鳥篭の夢

Story/護る



───ぱたぱた

幼い子供の走る音。嬉しそうに、跳ねる様に。

『とーさま、とーさま!!
見てください!わたし、はねがおーきくなったんです!!』

精一杯に翼を広げ、その場でくるりと回って見せる少女。満面の笑み。
だけど、それに父はただ困ったように眉根を寄せた。
てっきり喜んでくれると思っていた少女は不思議そうに首を傾げている。

『とーさま?どうしてよろこんでくださらないの?』

“早く翼が大きくなると良いな”と、少し前にそんな会話をしたばかりだった。
普段はあまり話をする機会の無い父がそう言ったからこそ・・・・尚更。

『ねぇ・・とーさま?
かーさま、どうしてないていらっしゃるの?』

父の隣にいた母はただ、崩れ落ちるように嘆いた。

『ねぇ・・・・・・ねぇ、どうして?』

少女のふわふわとした翼は畳まれ、ただ少女はその顔を困惑させていた。
生まれつき色味の強かった少女の翼。
彼女が産まれた当時から“不吉だ”と騒がれていたそれは、両親の願いも虚しく更に濃い色合いに染まっていた。


───まるでそれは、黒のように。



「と・・ぉ、さま」

ぽつり。擦れた声で父を呼んだ。
なんて懐かしい夢なんだろう。そんな事を夢現にぼんやりと思う。

「翼が大きくなるのは成長の証・・・だっけ」

翼を見る。その時よりもずっとずっと大きくなった翼。
飛翼族には2回、急激な翼の成長時期がある。
といっても最近の翼はさほど大きくもならないけど。
和毛に代わりはないのだけど3歳頃に一度。
それから羽の変わる思春期頃にもう一度。

「あの時は本当に困ったなぁ」

きっと翼の色が薄くなる事を望んで父様がそう言ってたんだってよく分かる。
少し色が付いた翼は良く見かけられたから。
薄紫色なら綺麗な翼になるって思ってくださってたんだろうな。
それでも・・・思惑通りにはならなかった。
現実は非情で、恐れていた事態・・黒翼の王女が誕生してしまった。

「父様もあの頃からもっと余所余所しくなってしまったっけ」

戸惑いがあったのか・・・ううん、それ以外にも周りの目もあった。
古い人間であればある程私に対する扱いも厳しかったし、父様も何かと言われていたようだったから。
母様は昔よりもずっと“愛している”という言葉を繰り返し、抱き締める事が多かった。
そうして必死になって私を愛し、周囲の敵意から私を守ってくださっていた。

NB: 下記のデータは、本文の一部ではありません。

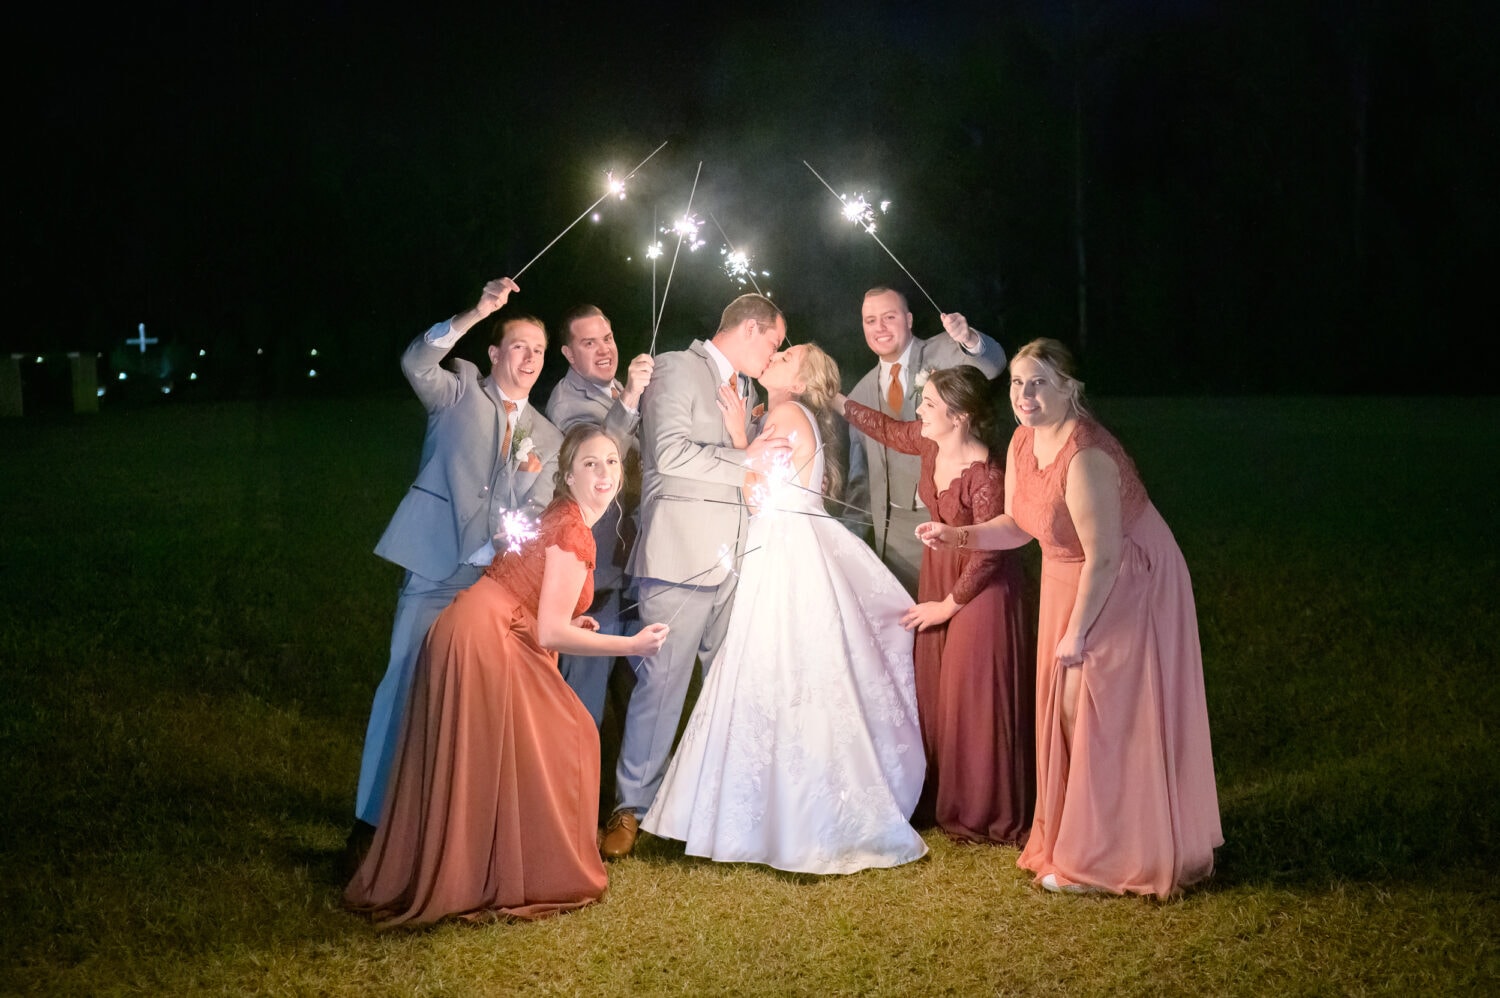 Holding sparklers around the bride and groom - The Blessed Barn
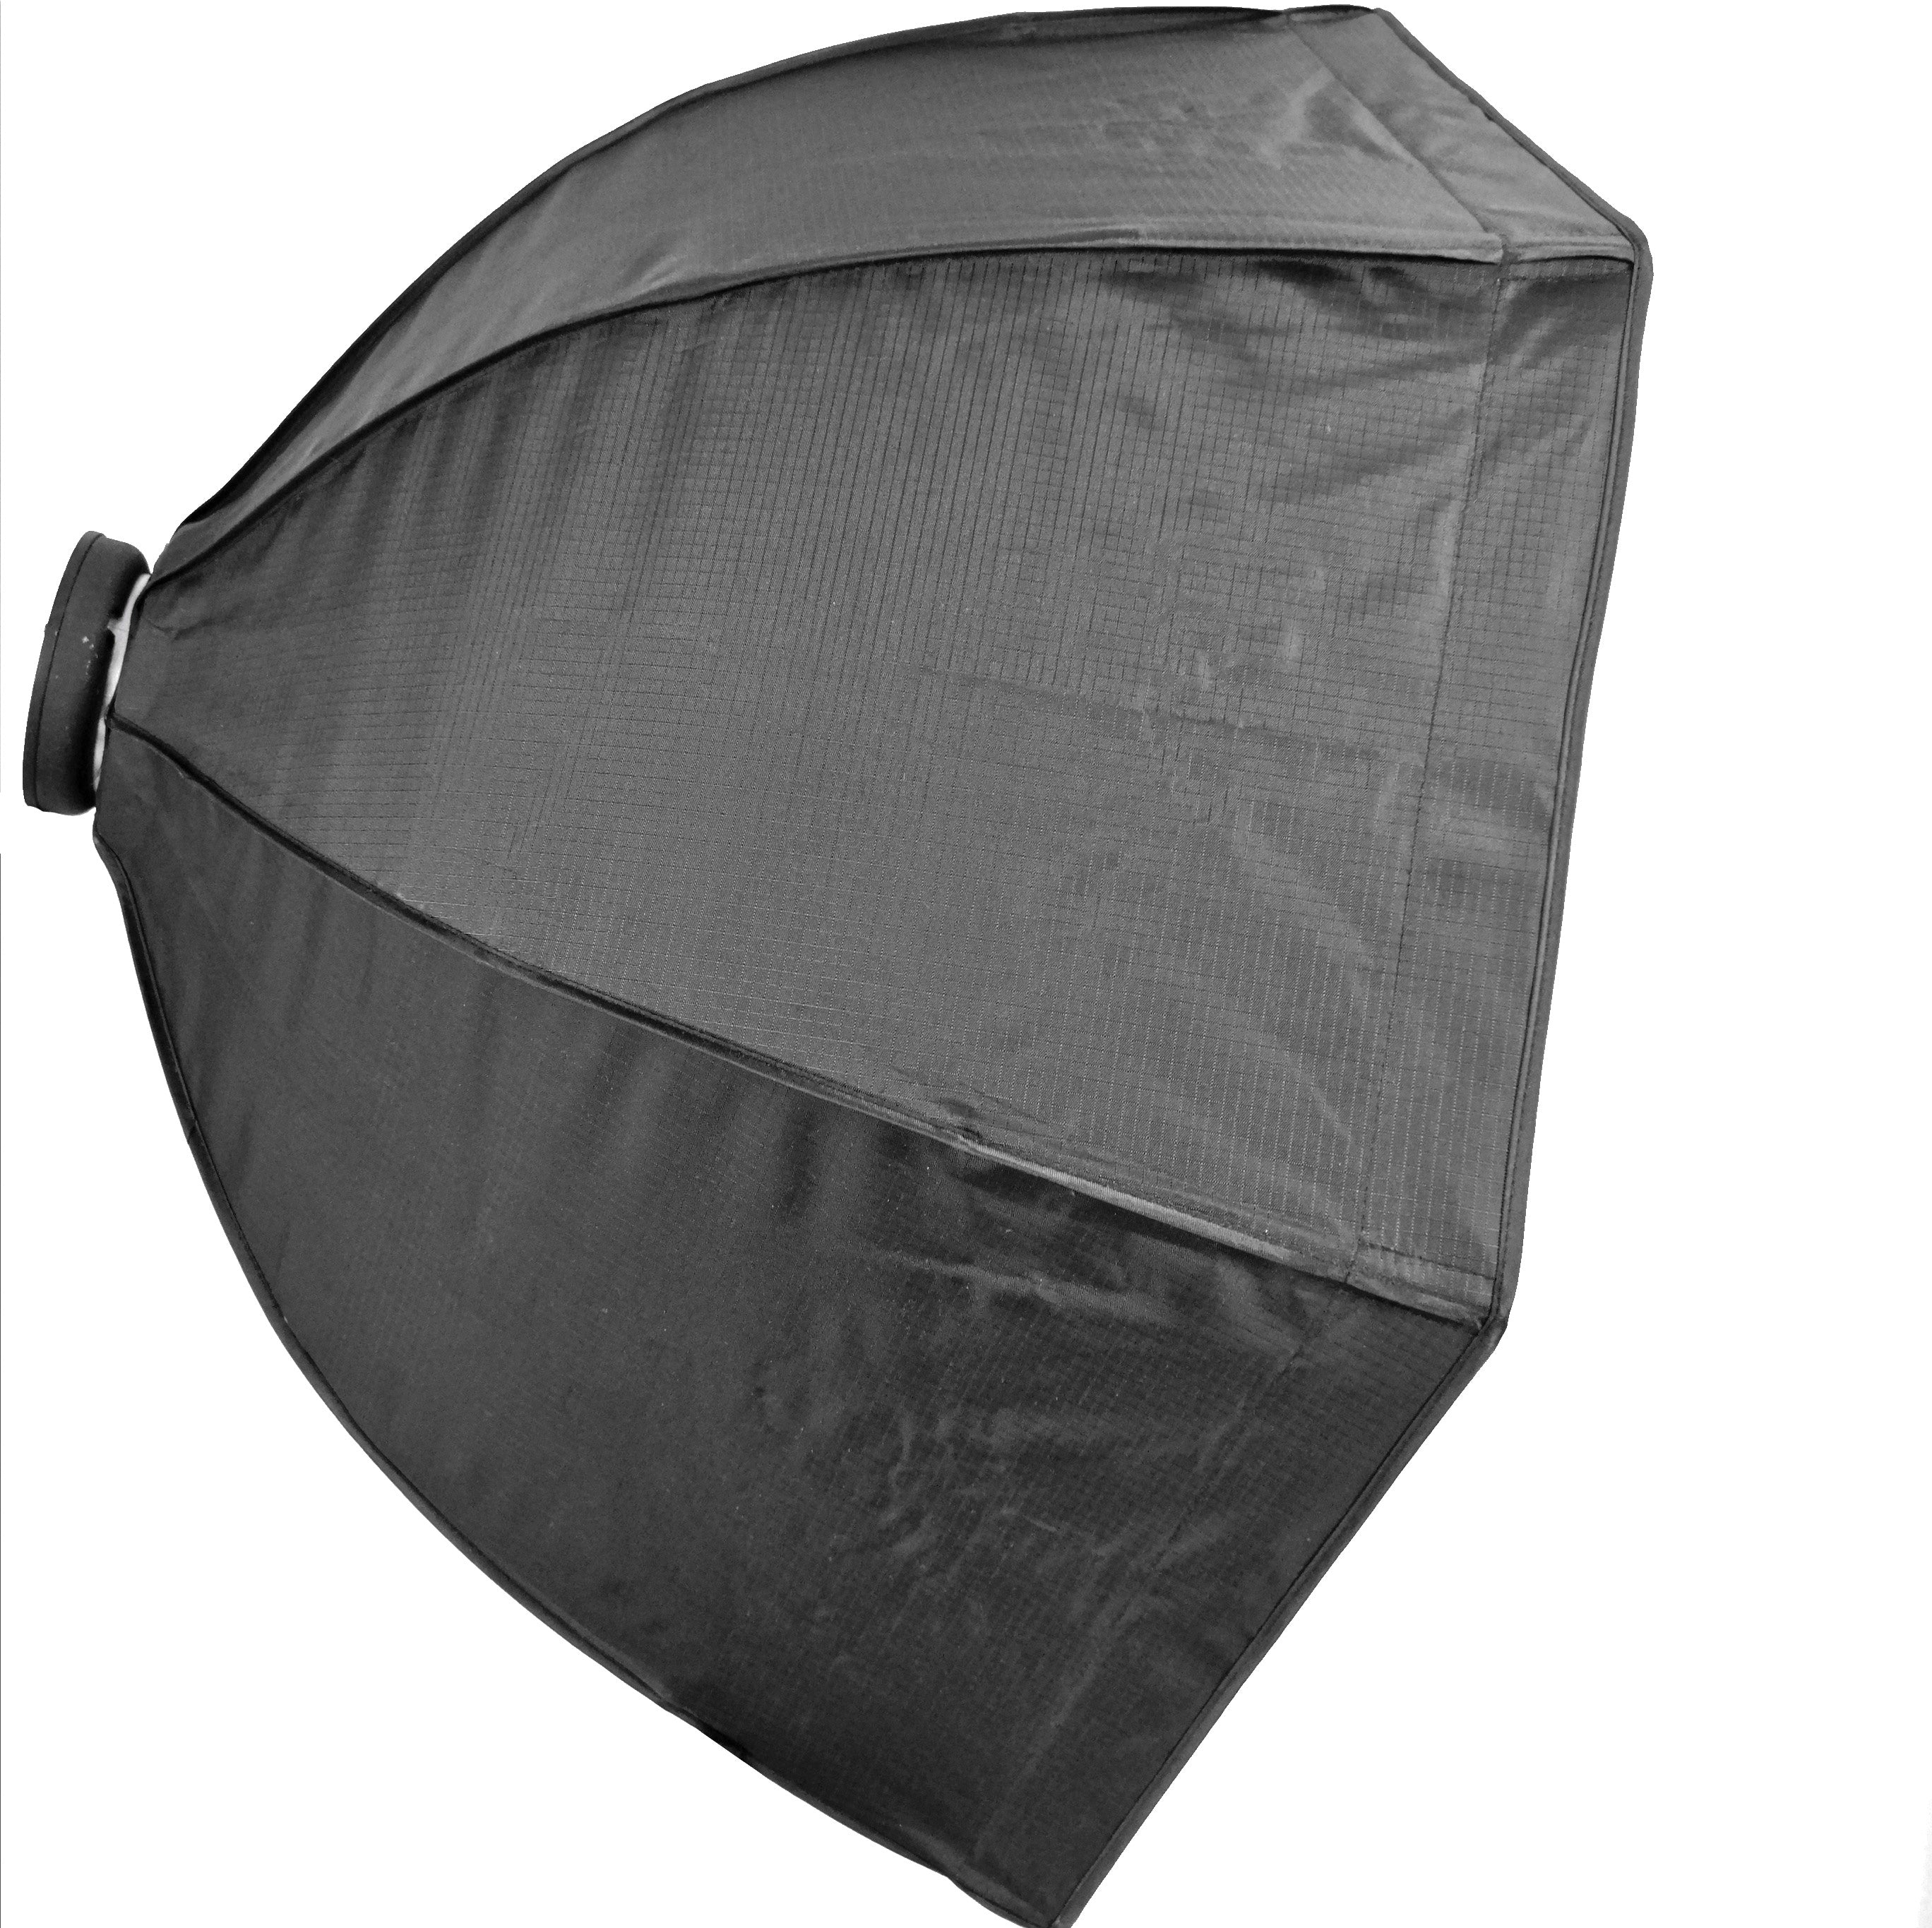 EASY FOLDABLE BEAUTY DISH SOFTBOX 24 INCH WITH GRIDS FOR BOWENS MOUNTS

あの当時は気付かなかったけど・・。


「んー・・・かーさん」

もぞもぞと隣の小さな塊が動いた。
最愛の息子。ひょこりと覗く私と同じ濃い色合いの翼。
あの時の私と同じ。だから多分、同じように黒い翼になるんだろう。
まだ眠たげな青い瞳を向けられて私はクレイをただぎゅうっと抱き締めた。
不思議そうな表情。だけど私は笑って、それからあの時の母と同じように耳元でそっと囁く。

「愛してるわ、クレイ」

心からの言葉。もう私達は黒い翼を持つ事に恐れる事は無い。
だけどもしもまだ黒い翼を不吉だと、呪われているんだと声高に叫ぶ者がいれば私が全てをかけて護ろう。
あの時の母が私にそうしてくれていたように───。